Hearing problems are classified in a number of different ways. The exact part of the auditory system affected determines the classification. The hearing loss may be conductive, senorineural, mixed, central or functional. The first step in designing a therapy plan is to accurately diagnose the kind of hearing loss.

Sensorineural hearing loss

This type of hearing loss accounts for over 90 percent of the instances in which a hearing aid is used. It is the result of damage in the interior of the ear or damage to the acoustic nerve, which prevents sound signals from being transmitted to the brain. Also referred to as nerve deafness or retrocochlear hearing loss, the damage is generally speaking irreversible, though advances in modern technology have enabled some formerly untreatable cases to be improved.

The most frequent causes of sensorineural hearing loss are the aging process, extended exposure to noise, complications with circulation of blood to the inner ear, fluid disturbance in the inner ear, medicines that cause damage to the ear, a handful of diseases, heredity and problems with the auditory nerve.

Hearing aids are satisfactory for most people that have sensorineural hearing loss, but in more serious cases, a cochlear implant can help bring back hearing to those individuals for whom a standard hearing aid is not enough.

Conductive hearing loss

In situations where sound waves aren’t properly conducted to the interior of the ear through the outer and middle ear, conductive hearing loss arises. Conductive hearing loss is quite widespread and could be due to an accumulation of ear wax, a buildup of moisture in the eustacian tube, which keeps the eardrum from moving, a middle ear infection, a perforated eardrum, disease of the bones of the middle ear or blockages in the ear canal.
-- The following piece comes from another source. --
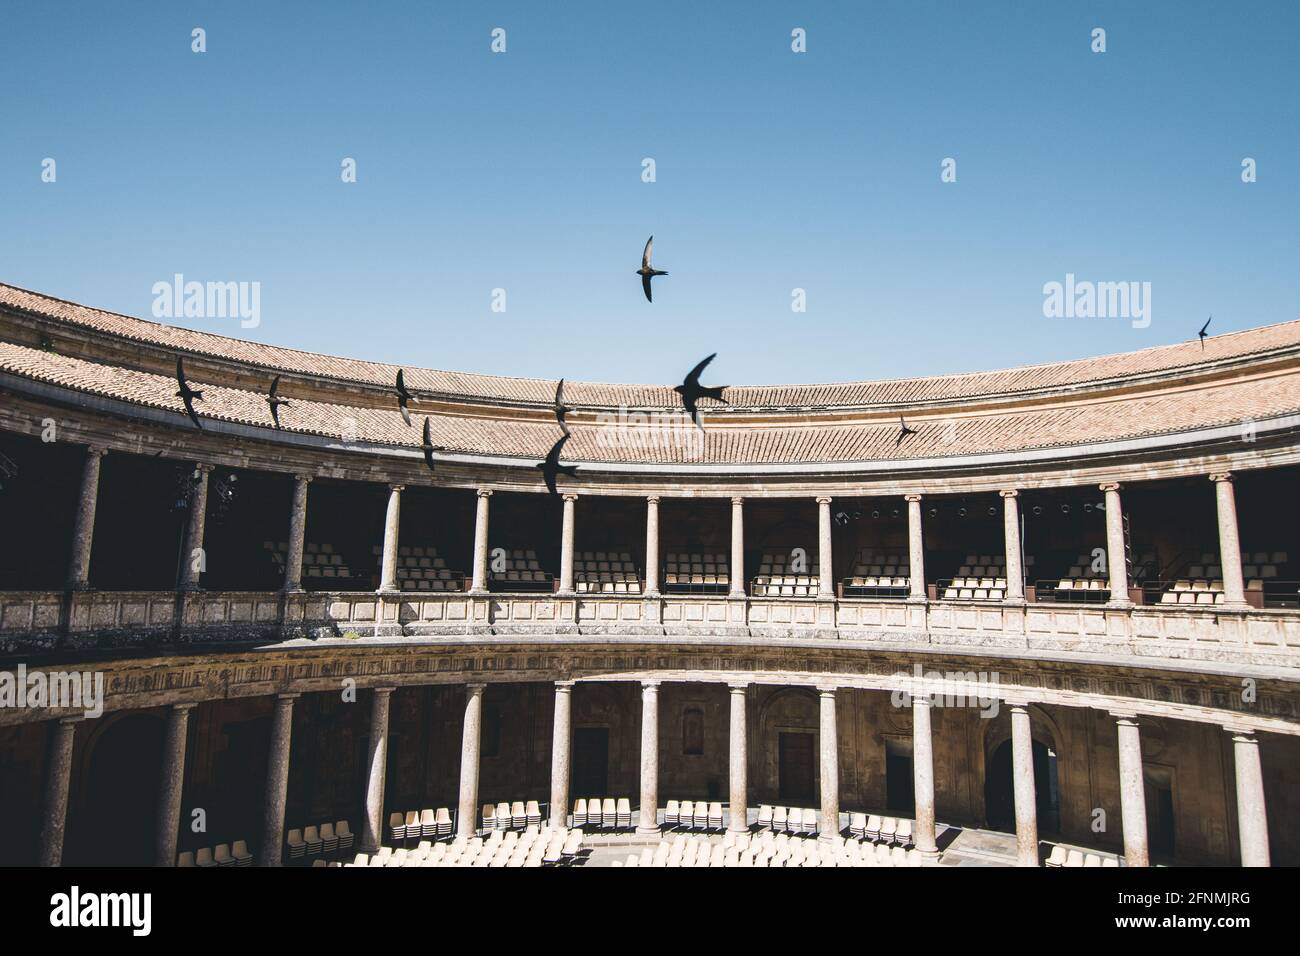 Beautiful shot taken inside the Palacio de Carlos V (Alhambra) fortress in Granada, Spain Stock Photo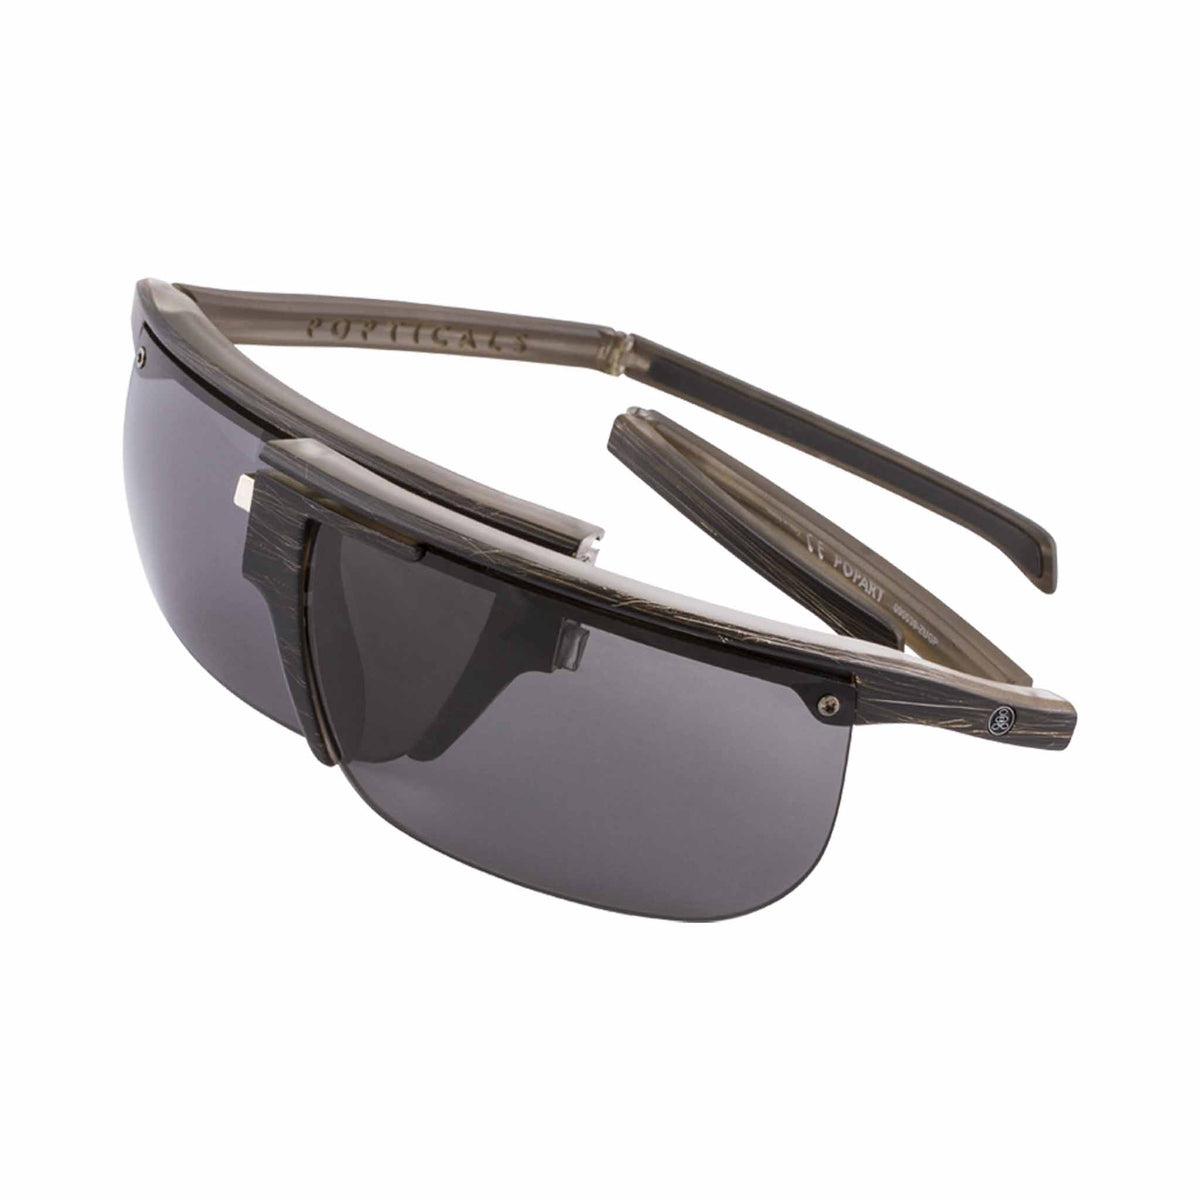 Popticals, Premium Compact Sunglasses, PopArt, 090030-ZUGP, Polarized Sunglasses, Matte Brush Black Frame, Gray Lenses, Spider View

Most instances of this type of hearing loss are reversible, presuming there isn’t any permanent damage to the parts of the middle ear, and with proper treatment the problem usually clears up fairly quickly. For some patients a surgical procedure can assist in correcting the problem or a hearing aid may be recommended.

Mixed hearing loss

As suggested by the term, mixed hearing loss is a blend of multiple types of hearing loss, in this case the combination of conductive and sensorineural hearing loss. Though there are a couple of other types of hearing loss, the combination of these 2 is most frequent.

Functional hearing loss

An infrequent situation, this type of hearing loss is not physical. Functional hearing loss is due to psychological or emotional problem in which the person’s physical hearing is normal, however they are not able to hear.

Central hearing loss

This condition occurs in situations where an issue in the CNS (central nervous system) prevents sound signals from being processed and interpreted by the brain. Affected individuals can ostensibly hear just fine, but cannot understand or interpret what the speaker is saying. Many cases involve a problem with the person’s capacity to adequately filter rival sounds. For example, the majority of us can have a conversation with traffic noise in the background, but individuals with this problem have a difficult time doing so.